The 9 Steps to Trap, Neuter, & Return Feral Cats

1. Call a Professional

If you are interested in trapping, neutering, and releasing feral cats in your area to help reduce the feral cat population, you should first attempt to contact a professional. Some areas have dedicated teams of trained professionals and veterinarians who volunteer to trap, neuter, and release cats. If you look up trap, neuter, release programs in your area, you might be surprised to find some great resources to consult. You should do this before trying to help on your own.

Some local shelters run their own trap, neuter, and release programs for the local area, and you can request that they come to your neighborhood. This way, you don’t have to deal with the legal repercussions, risk injury, or risk harming the local cats by trying this on your own. You should consider consulting a professional before trapping feral cats on your own, especially if you do not have formal training or prior experience.

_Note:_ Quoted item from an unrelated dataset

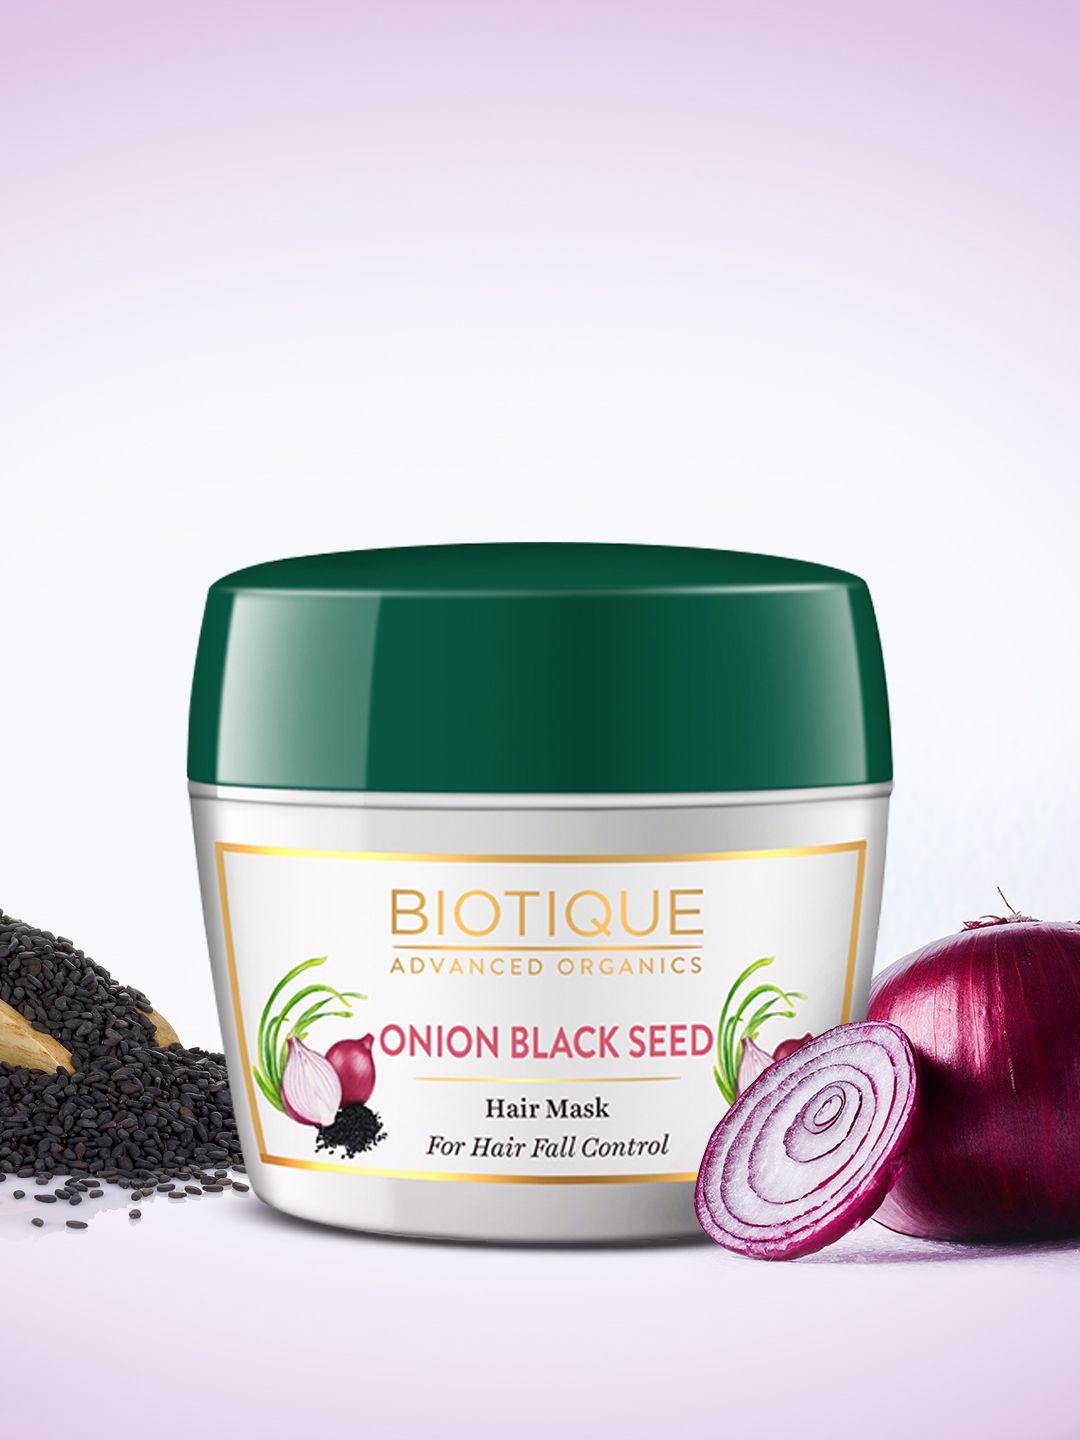 Biotique Advanced Organics Onion Black Seed Hair Mask 175 g Price in India

animal rescue volunteer taming a feral cat
Image Credit: New Africa, Shutterstock

2. Get a Suitable Trap

If you want to trap feral cats, you will need to get a trap that is both humane and effective. You can buy basic animal traps that are suitable for the job at big box stores. You can also buy animal traps online. You want to get humane traps that work by closing a door behind the animal. Make sure you are getting a trap that is big enough for a cat and has no chance of accidentally harming them. These traps work by loading bait and then triggering a pressure plate when the animal enters, which closes the door behind them, trapping them inside.

3. Find a Suitable Location

There are two important factors to consider when choosing a location to place a cat trap. First, it needs to be a location where you are allowed to set traps. You don’t want to get in trouble by placing a trap in an unauthorized area. (Check with your local fish and wildlife agency for more details.) Ideally, the trap will not be visible to the public for a number of reasons. Trap and release is controversial, and some people will not be happy to find you trying to trap feral cats. Also, if you leave your trap out in the open, some unscrupulous people might simply take it for themselves.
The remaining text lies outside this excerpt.